Without the pictures, write out every entry that follows exactly.

::: DATA IN THIS EXERCISE :::

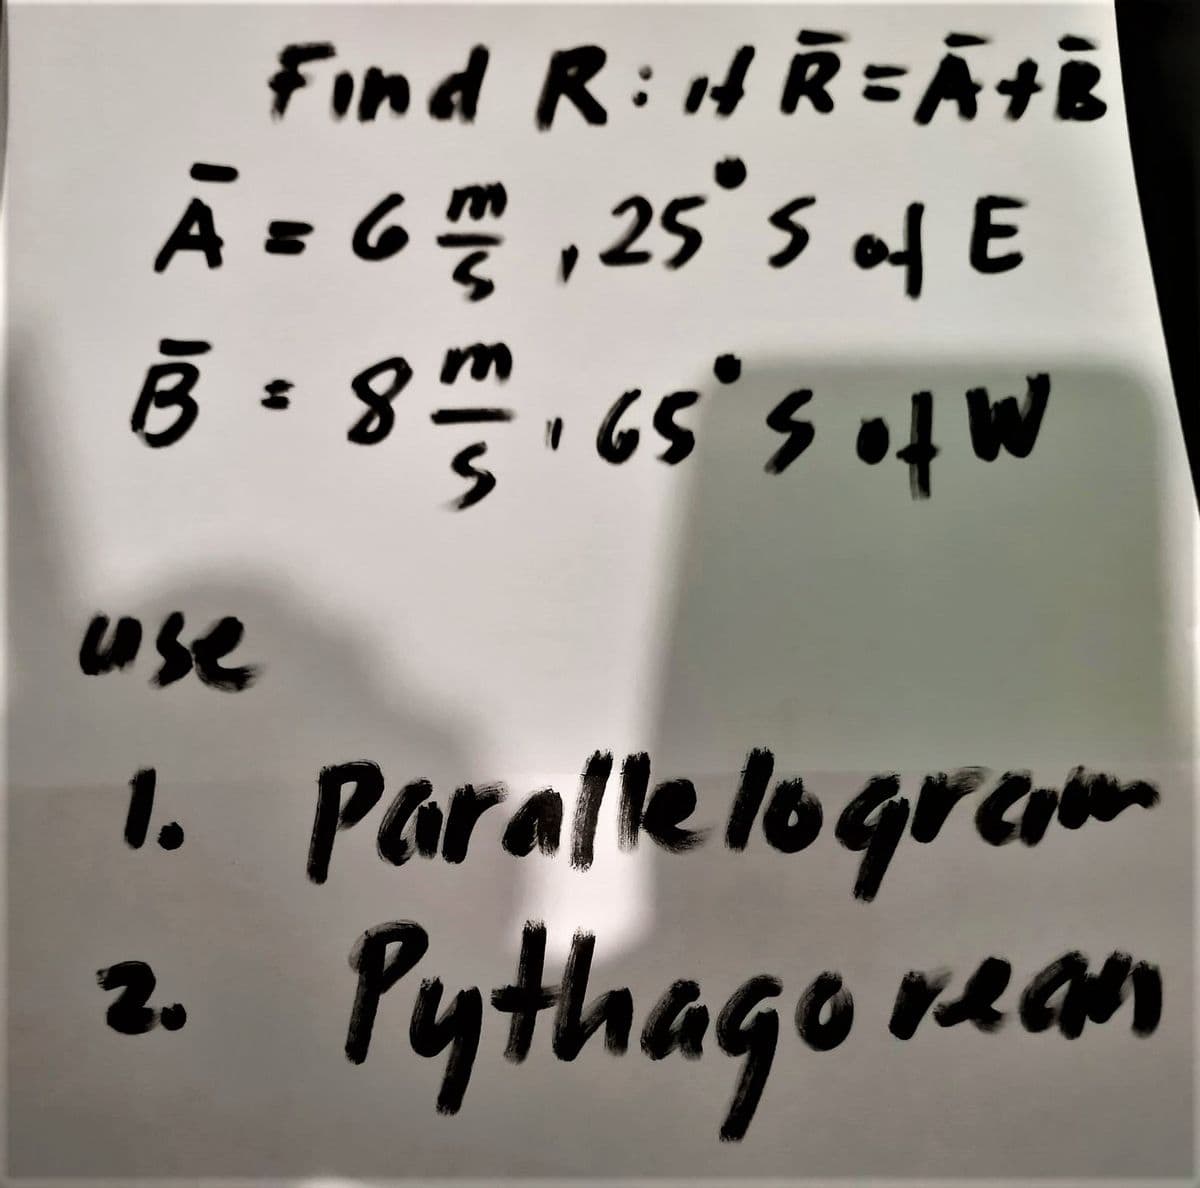 Find R:H R=ĀtĒ
A.6를 ,25°s 어E
65 S of
use
1. Paralle lograrten
Pythago rean
2.
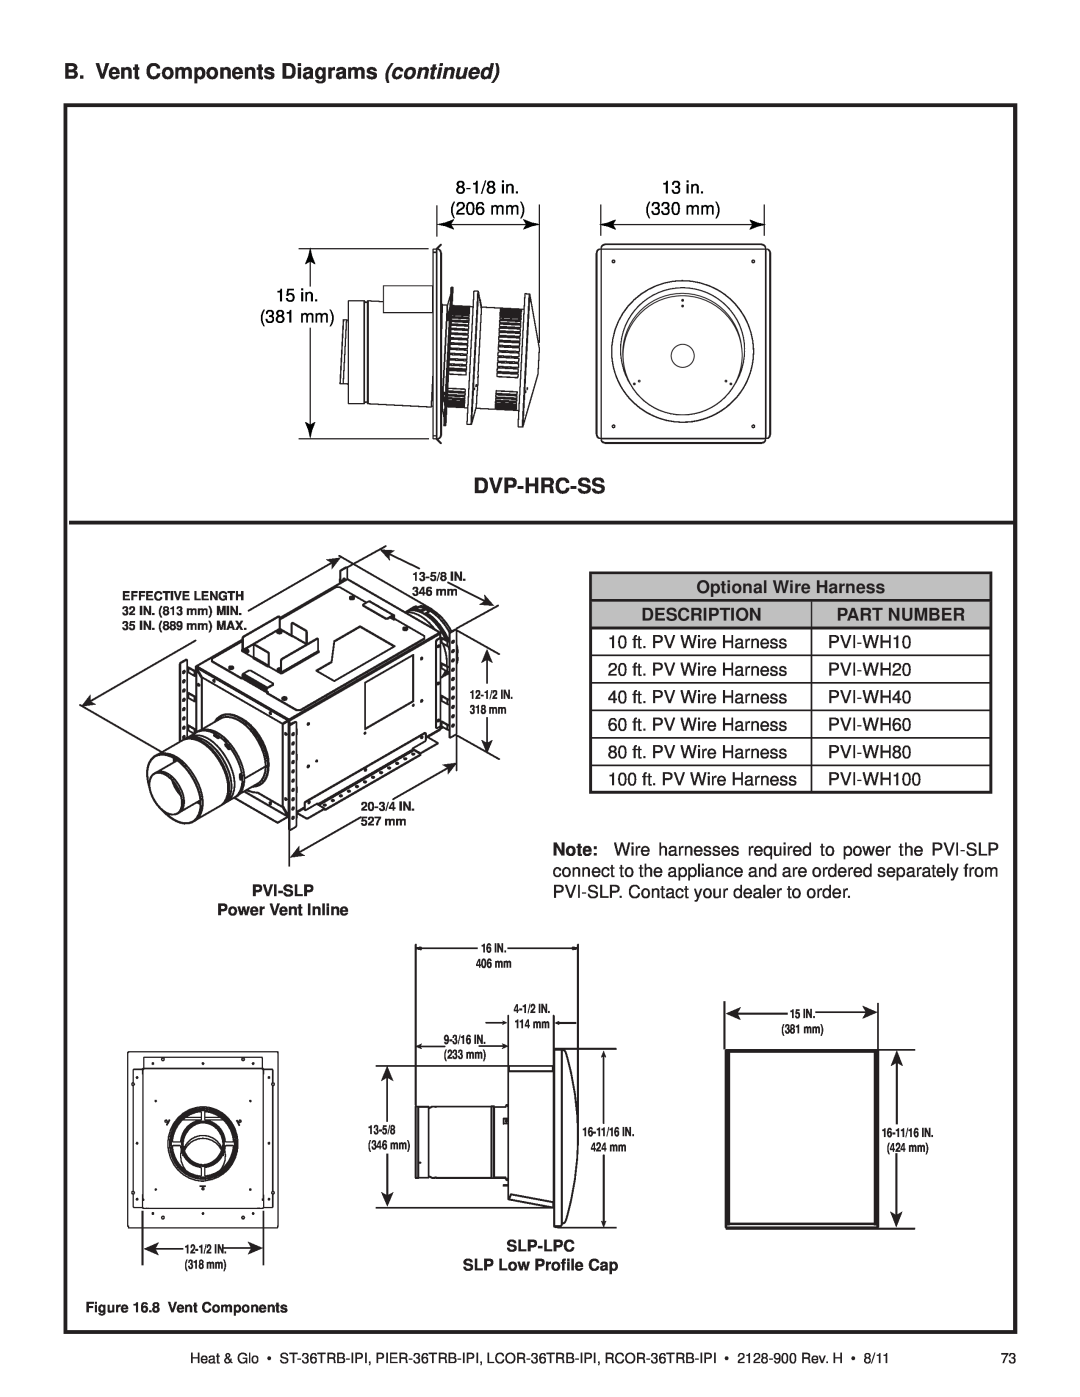 Heat & Glo LifeStyle ST-36TRB-IPI Dvp-Hrc-Ss, B. Vent Components Diagrams continued, Optional Wire Harness, Description

:::

[OUTPUT OF THE EXERCISE]
 Find R:H R=ĀtĒ
A.6를 ,25°s 어E
65 S of
use
1. Paralle lograrten
Pythago rean
2.
 Heat & Glo LifeStyle ST-36TRB-IPI Dvp-Hrc-Ss, B. Vent Components Diagrams continued, Optional Wire Harness, Description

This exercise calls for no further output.